Note
Screenshots may differ slightly depending on software version.
Note
This tutorial begins by applying a Gaussian Process (Zero Error) interpolation model. If your design contains runs that are repeated (replicates), it is more appropriate to use the Gaussian Process (Noisy) special model. These are discussed later in the tutorial.
Gaussian process models [RW06] are used in computer experiments, where instead of a physical or chemical process, the runs are evaluated using a simulation that may take a great deal of time. A Gaussian process model can be used as a surrogate for the simulation to make predictions or find optimal operating parameters when the data aren’t well fit by a polynomial. For a more in-depth study of computer experiments, see Santner et al. (2003) [SWN03].
Note
Gaussian process models are not available for split-plot designs or designs with categorical data (including blocks).
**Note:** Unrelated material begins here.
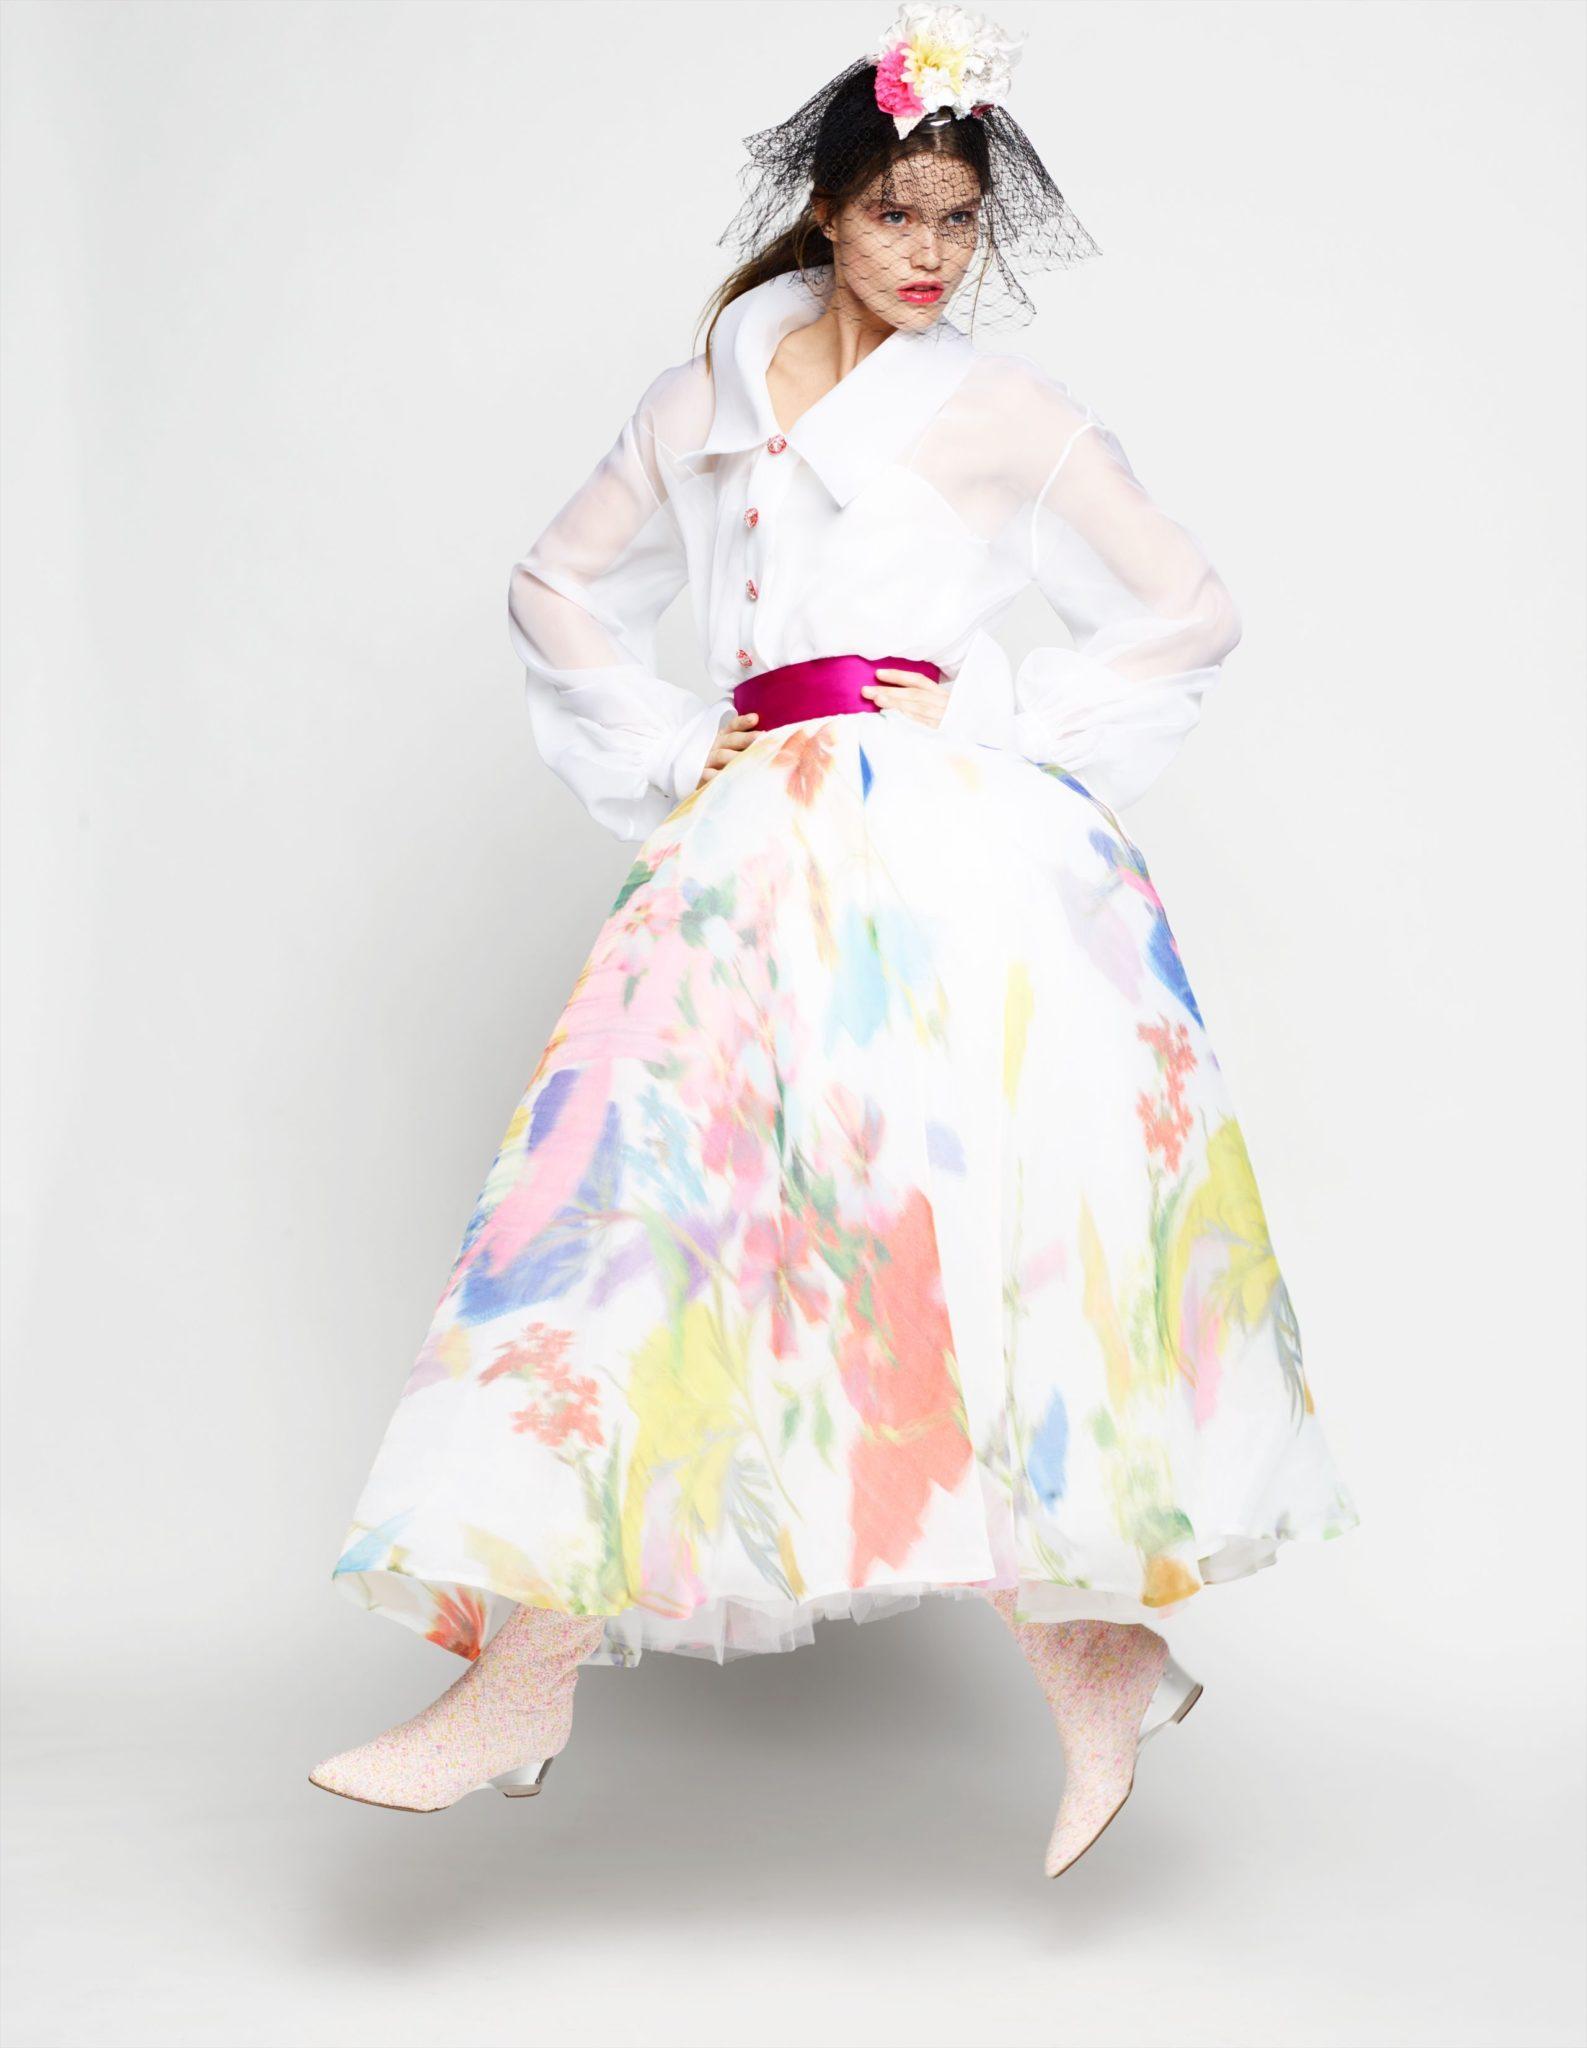 CHANEL Haute Couture SS printemps été 2018 Esprit de Gabrielle espritdegabrielle.com

A convenience store chain wants to open a new gas station, and is trying to determine the number of pumps and the capacity of the underground storage tank required for the new store. Using a computer simulation, they are able to calculate the average wait time of vehicles throughout a typical day. However, the simulation is very computationally expensive to run, and so cannot be used with an optimizer.
The outputs of the simulator are the average wait time over the course of a day and the number of vehicles that abandon the queue due to an overly long wait.
Fewer pumps and a smaller tank are desirable to reduce the initial cost, as well as ongoing maintenance. The number of pumps directly impacts the number of vehicles that can be serviced at any given time. If the underground tank is too small it may need to be refilled during peak demand. This causes all pumping to pause while it is filled.
Open Stat-Ease, and click on the Help, Tutorial Data menu and select Gas Station.
The vehicle simulator is deterministic. It will always result in the exact same average wait time and queue abandon rate given the same inputs. As such, a traditional designed experiment with replicates is inappropriate. Instead we will use a Latin Hypercube Design (LHD). This design has several properties that are desirable for a computer experiment:
It is a space-filling design.
It has no replicates.
The design resulting from removing a factor will also have no replicates (projection).
You’ll notice there is an additional response column for the cost of the station, which is an Equation Only response that we’ll use in optimization.
Click on the Custom Graphs node, then graph Pumps vs Tank Size. This plot demonstrates the space-filling properties of the LHD.
You may notice that there are replicates along the X axis, for example there are two tank sizes at 4 pumps. This is because a fraction of a fuel pump is nonsensical, so the Pumps factor was rounded and converted to a Discrete Numeric factor type. We’ve lost the projection property of the LHD, but this will allow us to restrict the predictions and optimization algorithm to integers.
Click on the avg wait time response to begin the analysis. Switch to Gaussian Process (Zero Error) in the Special Models dropdown and click Start Analysis.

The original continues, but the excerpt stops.